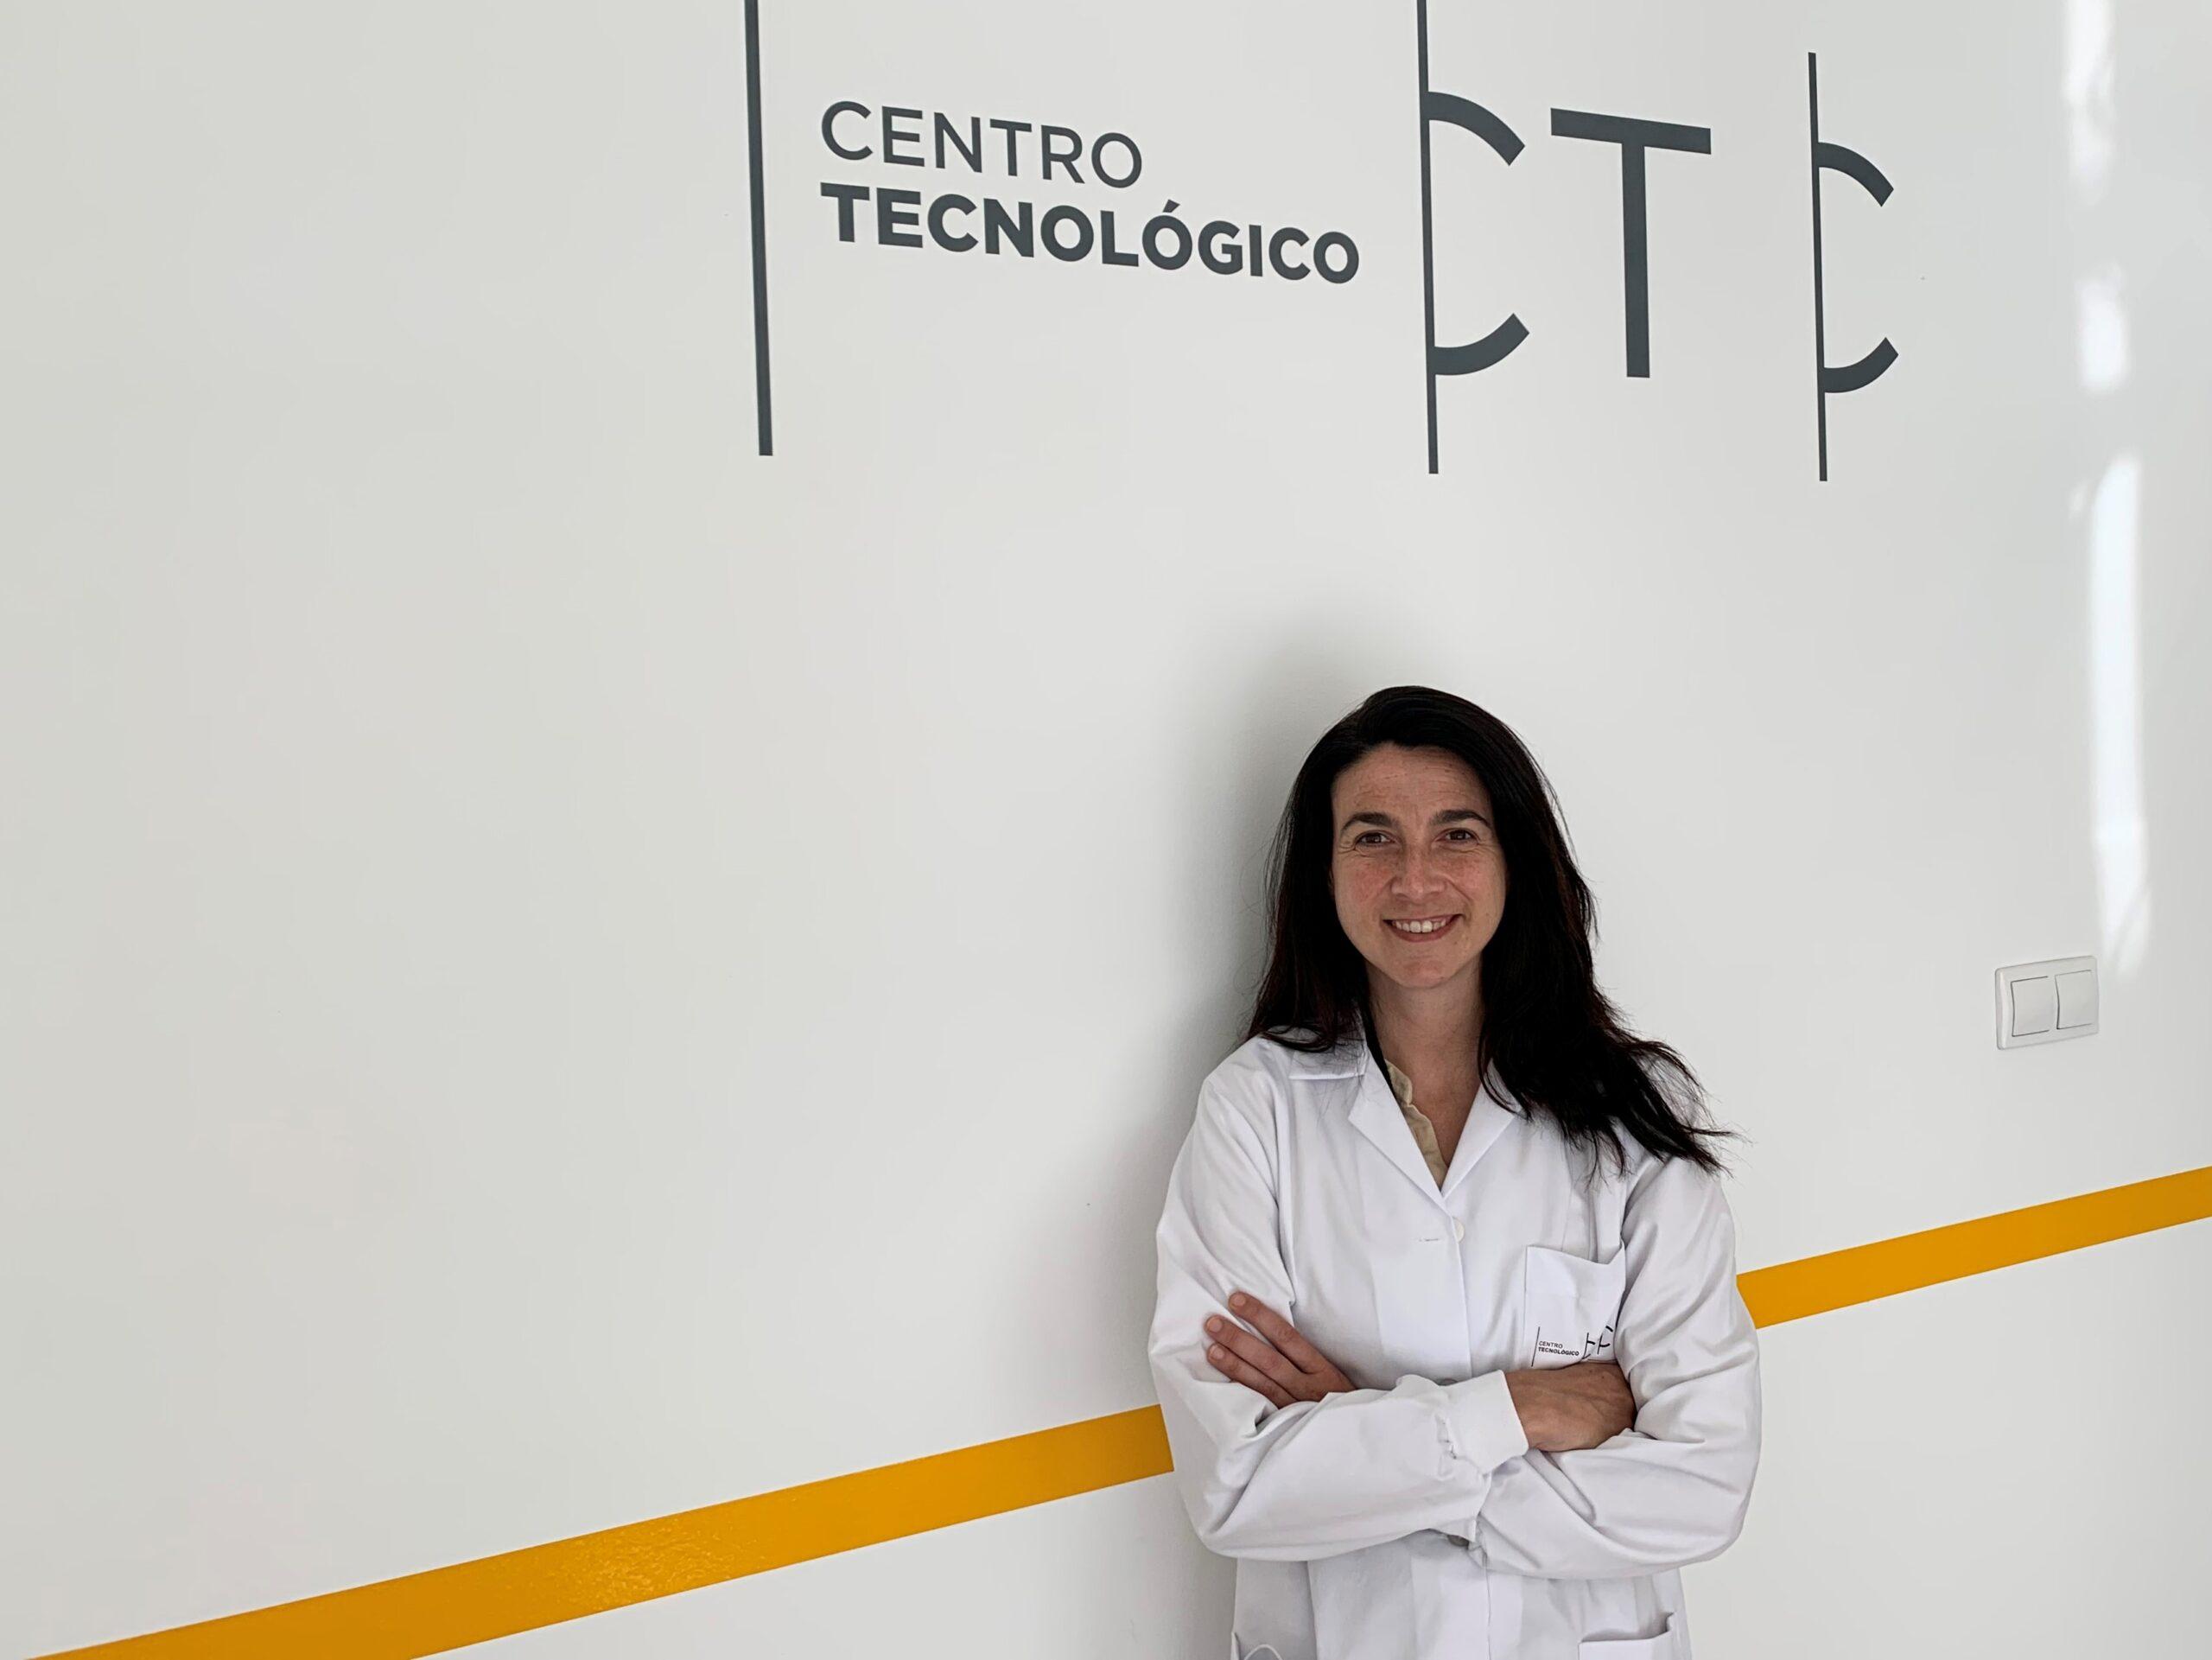 Lucía Pérez Gandarillas
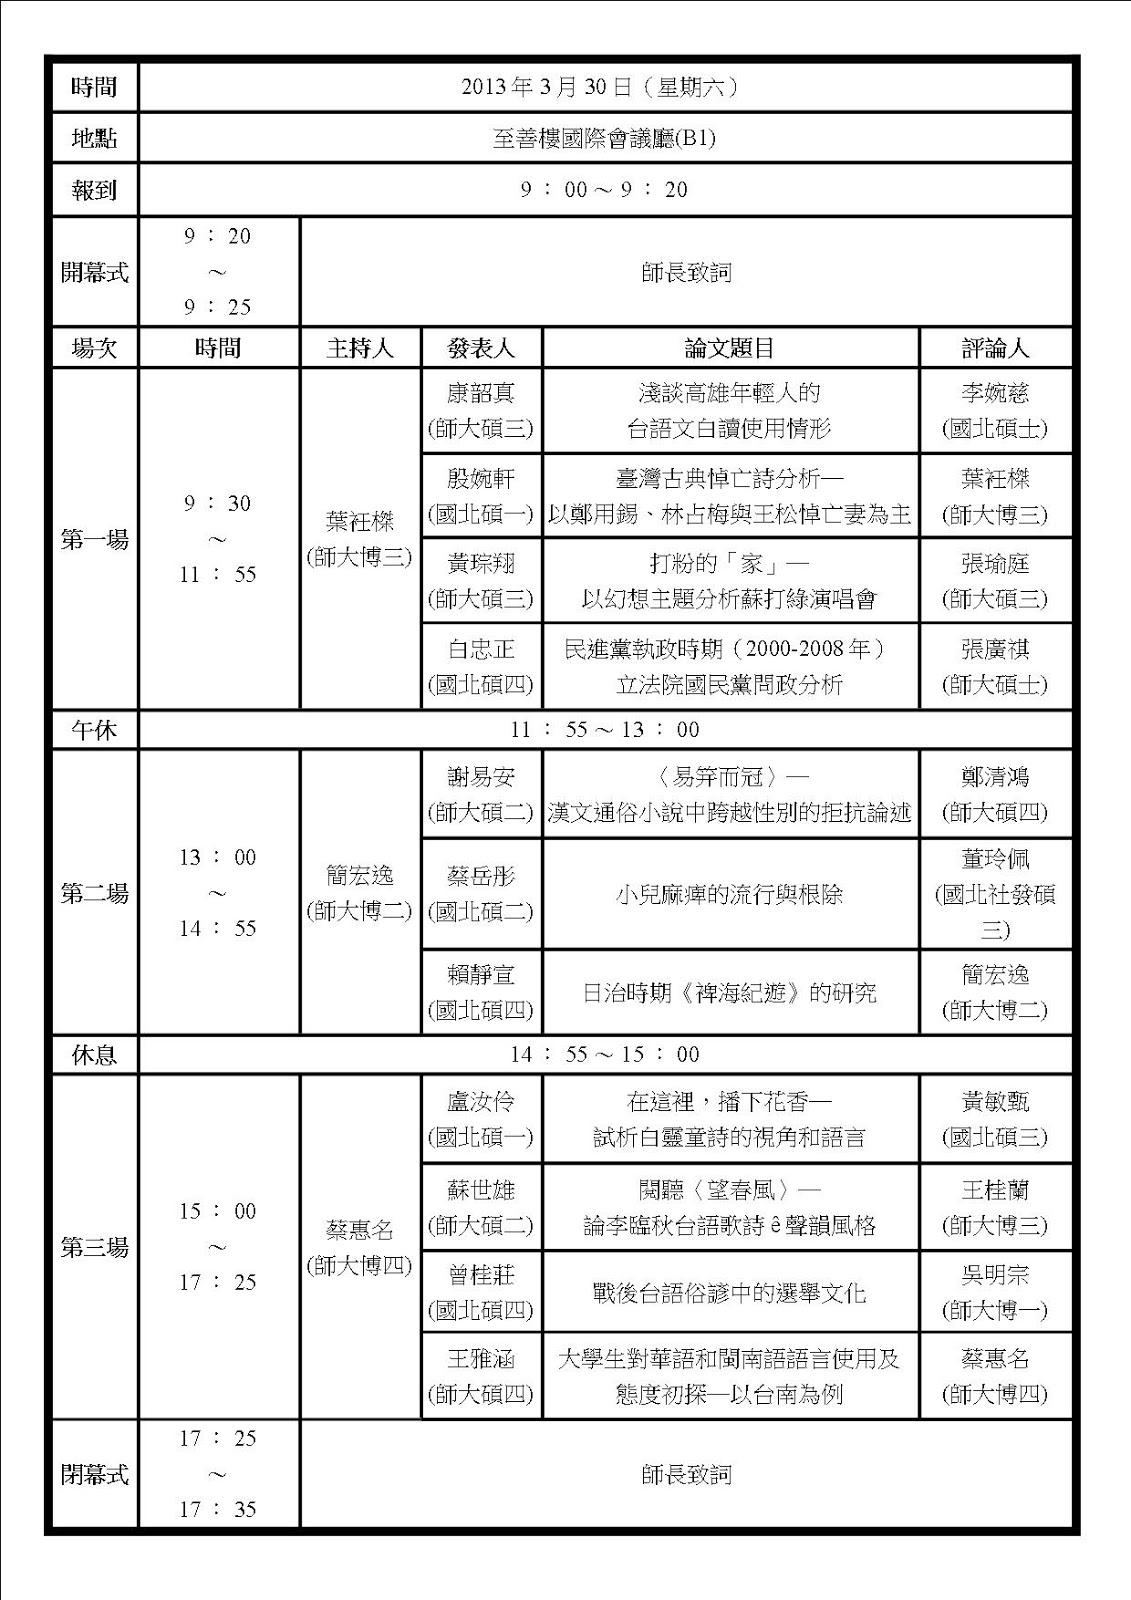 第七屆國北教大暨臺師大臺文系所 研究所論文發表會
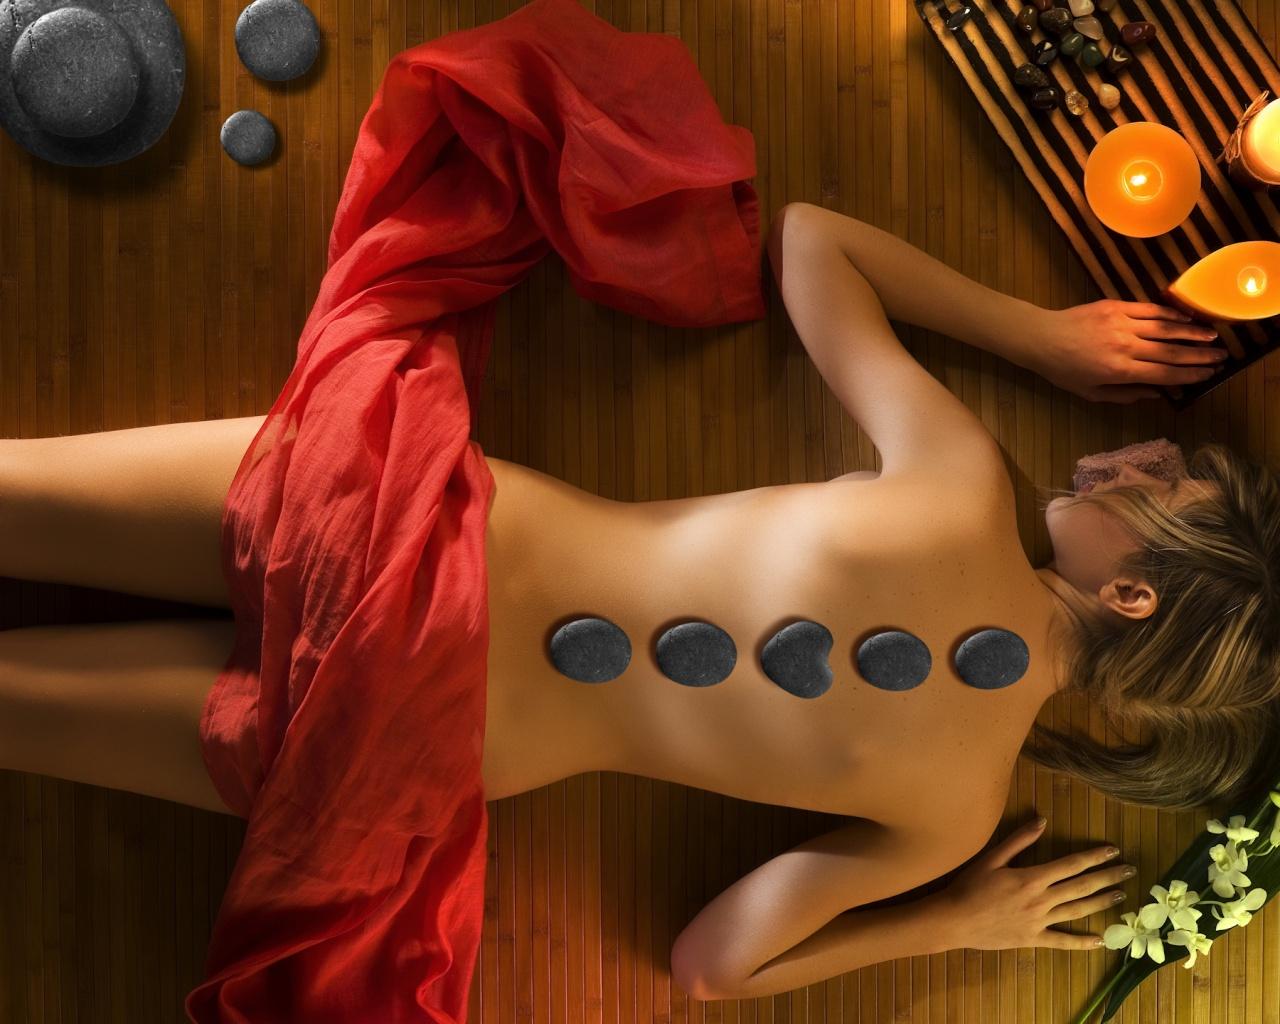 http://2.bp.blogspot.com/_NYX6vK-FEug/TPfnKrCfTFI/AAAAAAAAAJE/XuwTZmm6fj8/s1600/Creative_Wallpaper_Massage_015972_.jpg

■ ■ ■

Restate the data above word for word, omitting every picture.

 Lucía Pérez Gandarillas
 第七屆國北教大暨臺師大臺文系所 研究所論文發表會
 http://2.bp.blogspot.com/_NYX6vK-FEug/TPfnKrCfTFI/AAAAAAAAAJE/XuwTZmm6fj8/s1600/Creative_Wallpaper_Massage_015972_.jpg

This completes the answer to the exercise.